23 Mar 2015

Boston's Notorious Unsolved Art Heist - Stephen Kurkjian

From Jesse Mulligan, 1–4pm, 3:10 pm on 23 March 2015

Twenty-five years ago this month, two thieves dressed as police officers tricked their way into the Isabella Stewart Gardner Museum in Boston and stole 13 important works of art.

Isabella Stewart Gardner Museum, Boston

Isabella Stewart Gardner Museum, Boston


In 81 minutes, they cut the 1.5 metre tall Sea of Galilee painting by Rembrandt out of its frame, along with precious art from Manet, Vermeer and Degas.

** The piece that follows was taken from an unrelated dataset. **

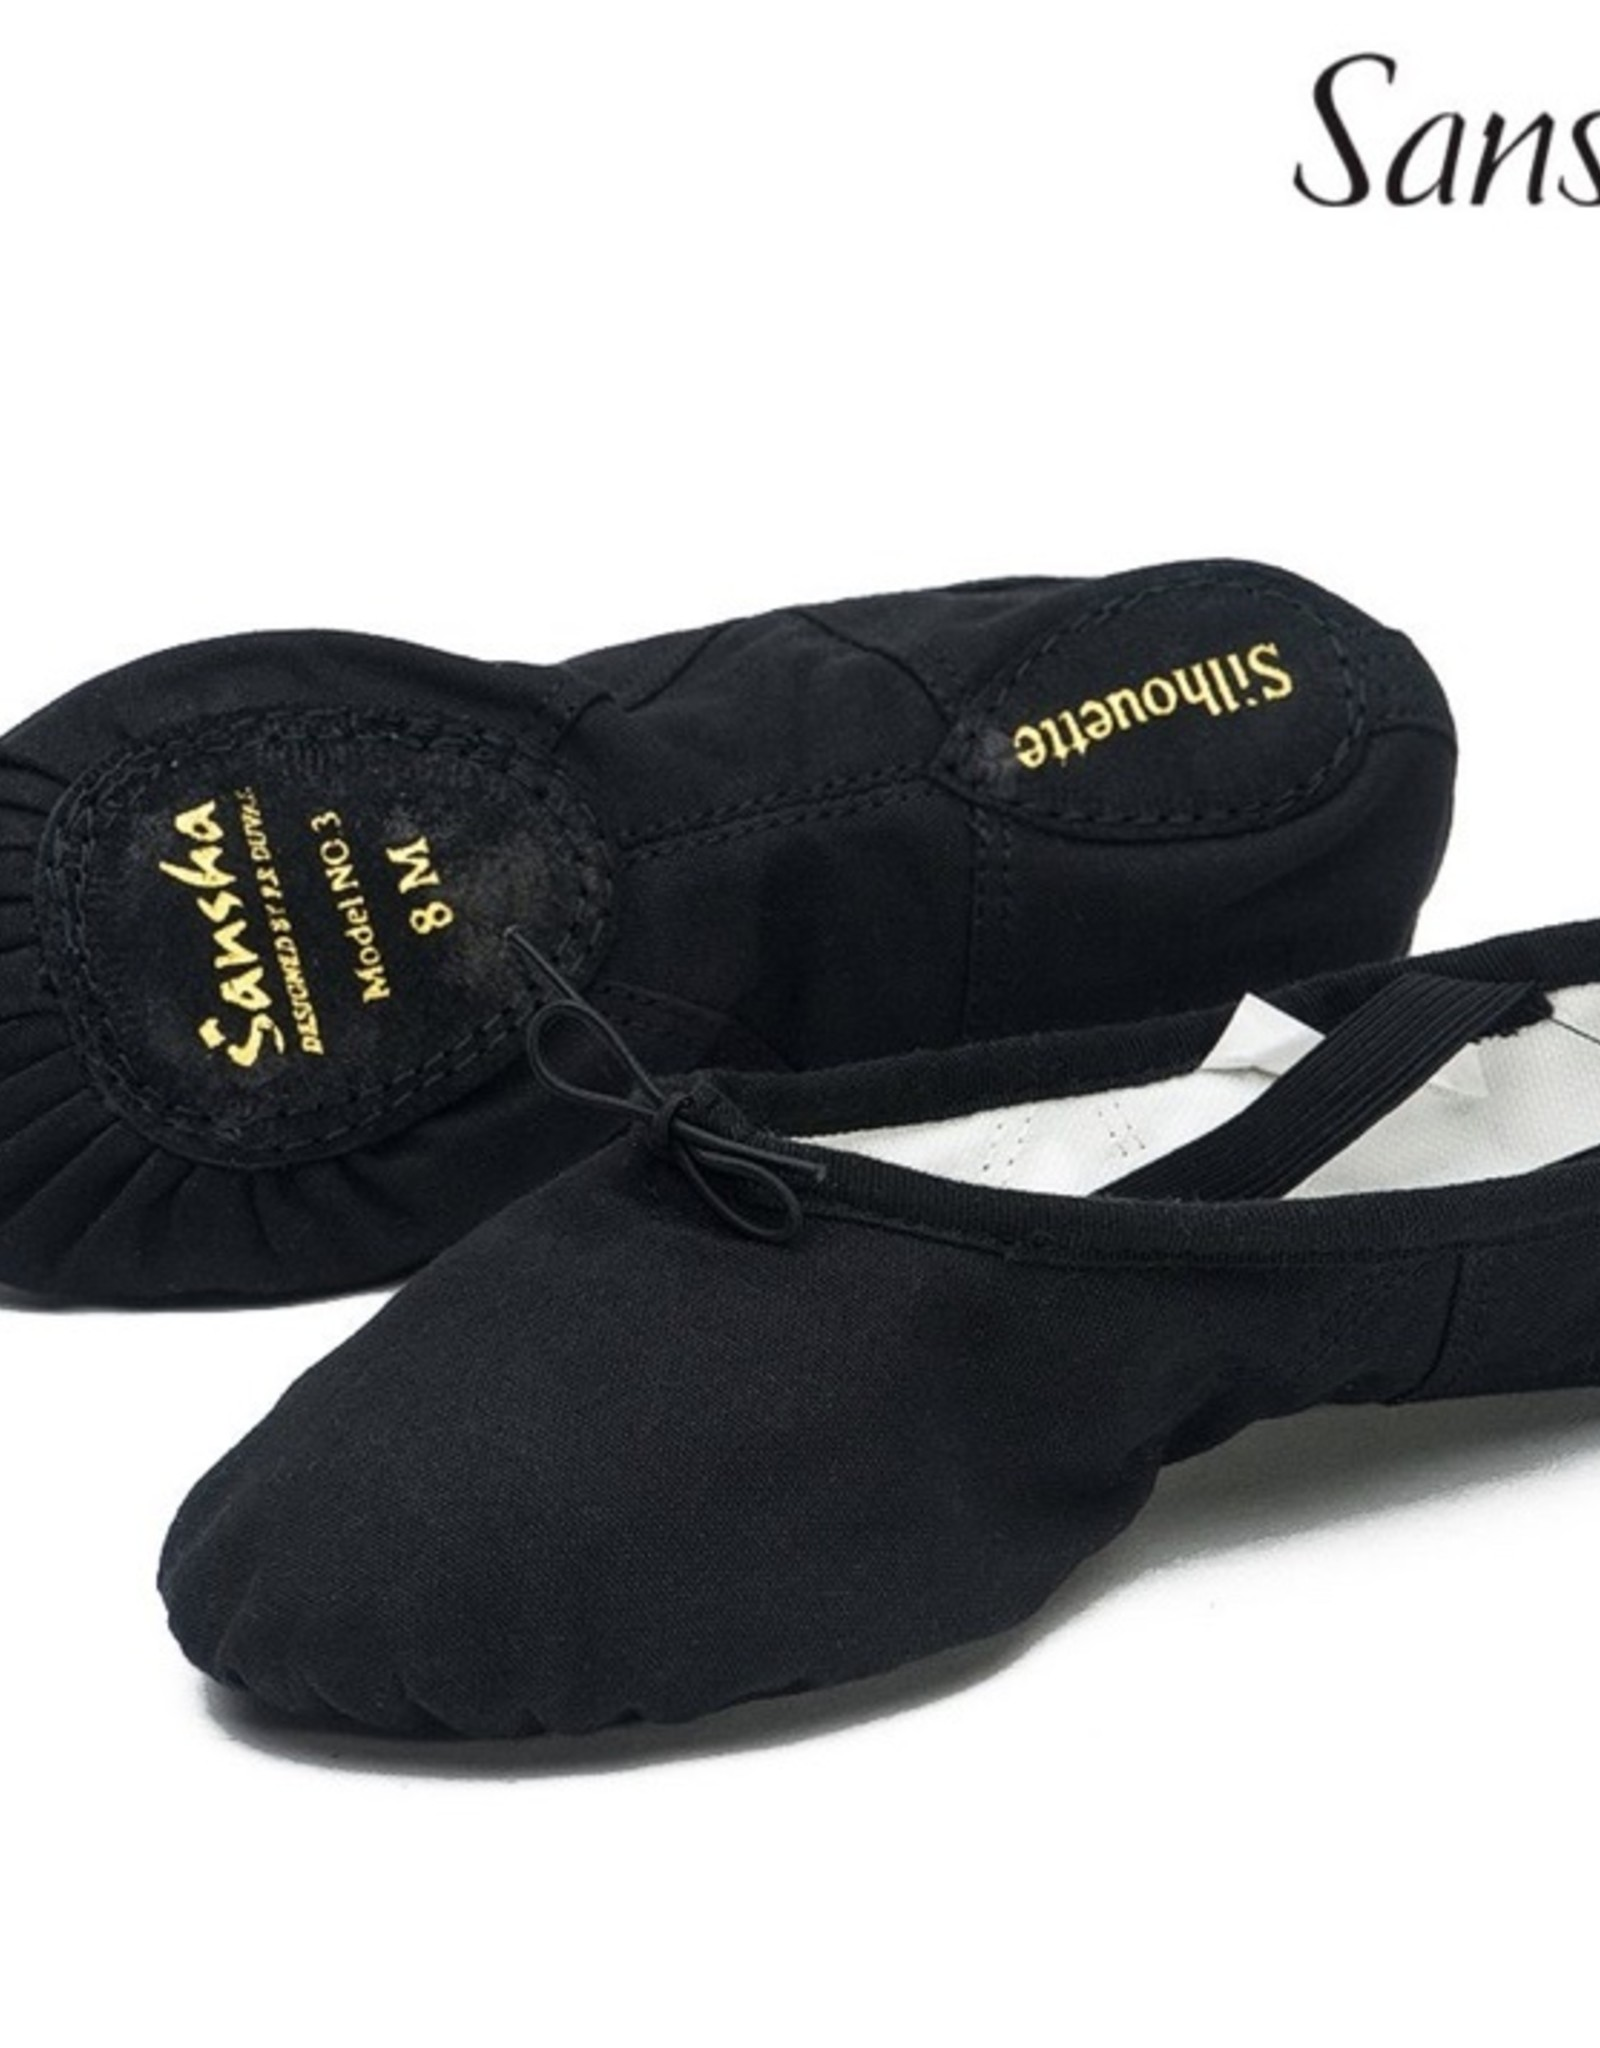 Sansha Zwarte balletsloefjes Sansha Silhouette

Pulitzer Prize winning writer Stephen Kurkjian has written a book on the crime, Master Thieves: The Boston Gangsters Who Pulled Off the World's Greatest Art Heist.

"It's a disgrace that this crime has not been solved," Mr Kurkijan says.

Master Theives: The Boston Gangsters Who Pulled Off the World's Greatest Art Heist.


When the buzzer rang at 1.24am at the museum, the guard saw two men in police uniforms and let them in.

They asked him to step away from his desk and he complied.

"[The guard's] favourite band, the Grateful Dead, was playing the following day," Mr Kurkjian says.

"He desperately wanted to go to that concert. He knew if he did not comply with what the men who he presumed were police said, he would be arrested and he would miss that concert."

The guard and the only other man on duty were tied up and the thieves went to work, slashing works from their frames and breaking glass.

"Did they know what they were looking for? Yes," Mr Kurkjian says.

"They were not collecting commissioned art work to order like say Dr. No in a James Bond movie. This is the work of thugs. That gives me an idea as to the kind of people who made their way into the museum."

Mr Kurkjian has spent 20 years researching the heist, and says he discovered a link with organized crime in Boston.

He says Boston gang leaders believed they could use the masterpieces to negotiate with the FBI.

"It made sense that if you get artwork and the FBI wants it dearly enough to get it back, they will do business with you," says Mr Kurkjian.

After 25 years, and a longstanding $5 million reward, none of the artwork has ever been recovered.

"It's not common knowledge who pulled off this score," according to Mr Kurkjian.

"My sense is the people who did this got scared they were going to get arrested and most of them got killed before they could say what happened to it."

Empty frames still hang where the Rembrandt and Vermeer once graced the museum walls.

Mr Kurkjian is convinced the paintings would one day return to the Isabella Stewart Gardner Museum.

"I do believe there are members of the bad guy's family who know pieces of the puzzle and if those people can be appealed to, it can be recovered. This artwork is our collective treasure. It belongs to all of us."